In 1985, public interest and concern were stimulated by the discovery of the Antarctic ozone hole. Suddenly the invisible chemical changes in the stratosphere were made visible by satellite images of the Antarctic. A counternarrative was soon developed, led by Fred Singer. Writing in the Wall Street Journal, Singer criticized the "ozone scare" and asserted that there is no proof of ozone depletion or of a cause-and-effect relationship with CFCs. His thesis was that the science is uncertain, replacing CFCs will be difficult and expensive, and the scientific community is corrupt and motivated by self-interest and political ideology - the same arguments later used by global warming deniers.
As late as 1995, after the Montreal Protocol had banned most manufacture of CFCs, Singer testified before Congress that the scientific concern about ozone depletion was simply "wrong." He attacked the Swedish Academy of Sciences when the Nobel Prize in Chemistry was given for analysis of stratospheric ozone chemistry.
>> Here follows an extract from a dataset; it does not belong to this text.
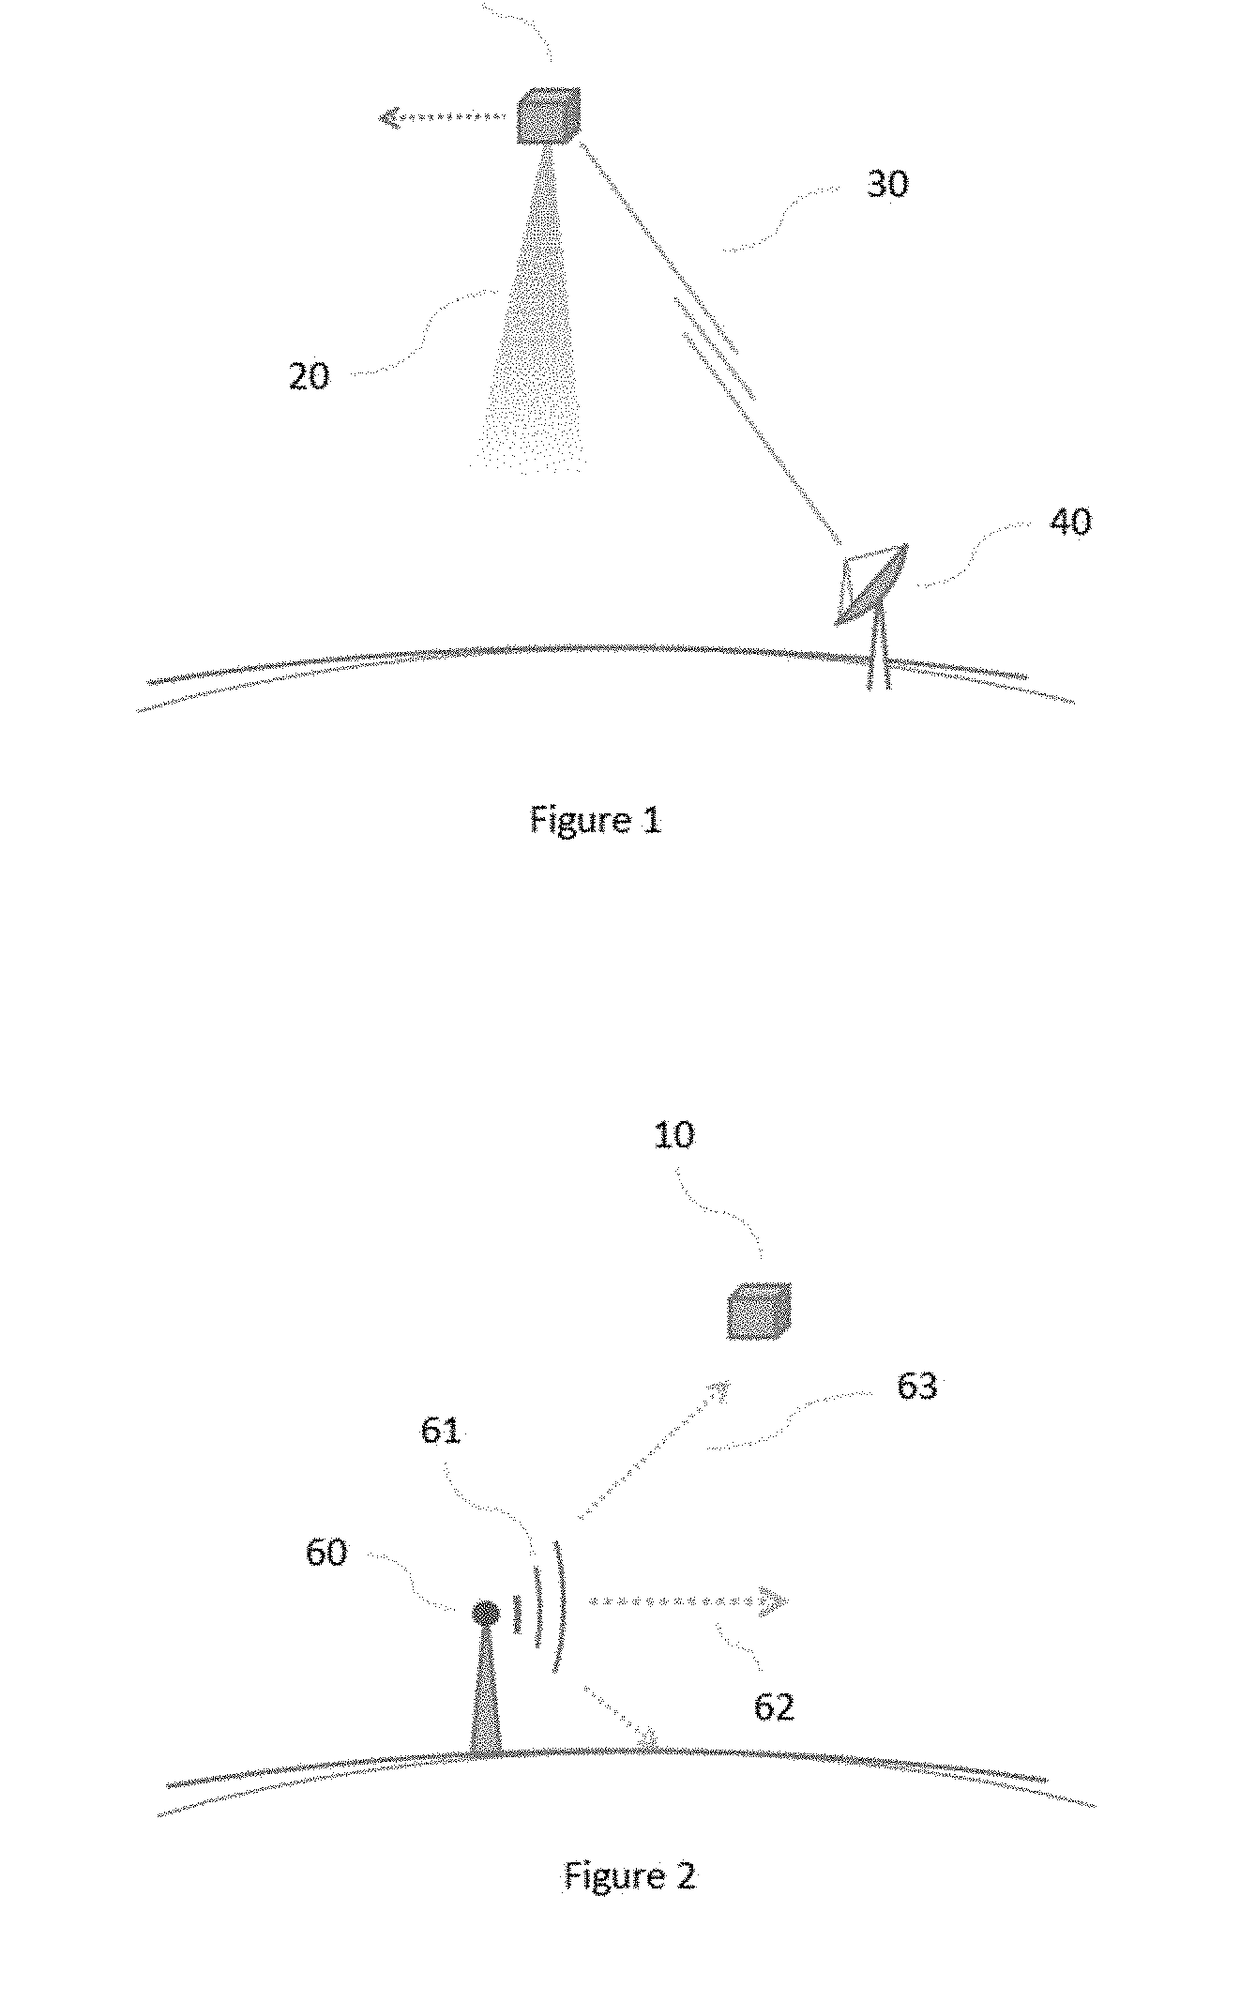 Systems and methods for measuring terrestrial spectrum from space

Singer described his motivation in 1989 this way: “There are probably those with hidden agendas of their own - not just to save the environment but to change our economic system. Some are socialists, some are technology hating Luddites; most have a great desire to regulate on as large a scale as possible.” In 1991 he wrote that the real agenda of environmentalists was to destroy capitalism and replace it with some sort of worldwide utopian socialism - or perhaps communism. (All taken from Merchants of Doubt, which has extensive documentation.)”
Singer may have descended into paranoid nonsense in his social commentary, but his anti-science outputs had great influence - and still today, even though he died a few years ago. He received funding from Exxon Mobil for his activities, and, $5,000 a month "plus expenses" from the 'Heartland Institute", an anti-science, anti-government lobby body20.
This situation of large-scale misinformation can only be rectified by a strong government that is willing to stand up to the commercial-media free for all, but, during the period covered by this article the USA has had its politics dictated by commerce rather than by long-term good sense.